Brent futures LCOc1 fell 48 cents to $63.86 per barrel by 1220 GMT, set for their biggest daily fall since Dec. 2. West Texas Intermediate crude CLc1 slipped 36 cents to $58.88.
U.S. crude stocks clocked a surprise rise in the most recent week while gasoline and distillate inventories also rose, data from industry group the American Petroleum Institute shows.
Crude inventories rose by 1.4 million barrels in the week to Dec. 6 to 447 million. Analysts were expecting a fall of 2.8 million barrels. [API/S]
Government data from the weekly EIA report is due at 1530 GMT. [EIA/S]
U.S.-China trade tensions continue to cloud the outlook for demand, with a Dec. 15 deadline for the next round of U.S. tariffs on Chinese imports approaching.
“The post-OPEC bullish jolt is all but a distant memory,” PVM oil market analysts said referring to a decision last week by OPEC and its allies to deepen supply cuts amid a weak outlook for oil demand growth next year.

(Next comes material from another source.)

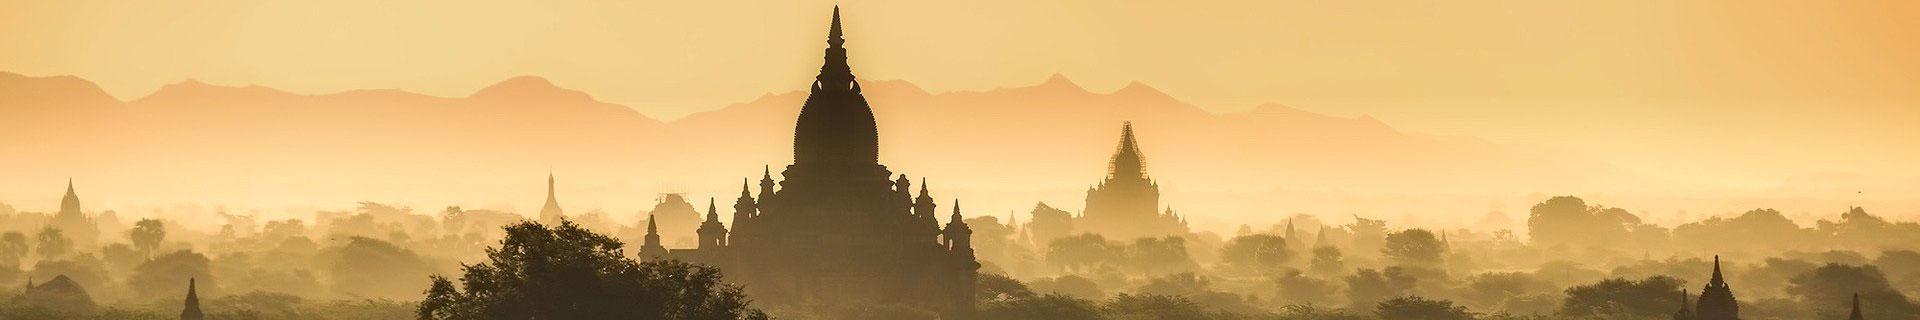 motorradreise-myanmar-slider-03

“Oil prices have struggled for traction this week as demand concerns returned to the fore… The cautionary mood is likely to prevail as investors await fresh cues on the trade front.”
On the supply side, the United States is on track to become a net exporter of crude and fuel for the first time on record on an annual basis in 2020, the EIA said, due to a production surge that has dramatically reduced its dependence on foreign oil.
U.S. oil major Chevron Corp (CVX.N) said on Tuesday it expects to write down the value of its assets by $10 billion to $11 billion this quarter on the back of lower oil and gas price expectations.
Elsewhere, Venezuela’s crude output in November jumped more than 20% from October to the highest level since the United States tightened sanctions on state oil company PDVSA in August, two people with knowledge of PDVSA data said this week.
Investors are also eyeing other major events this week including Britain’s election on Thursday and U.S. and European Central Bank meetings.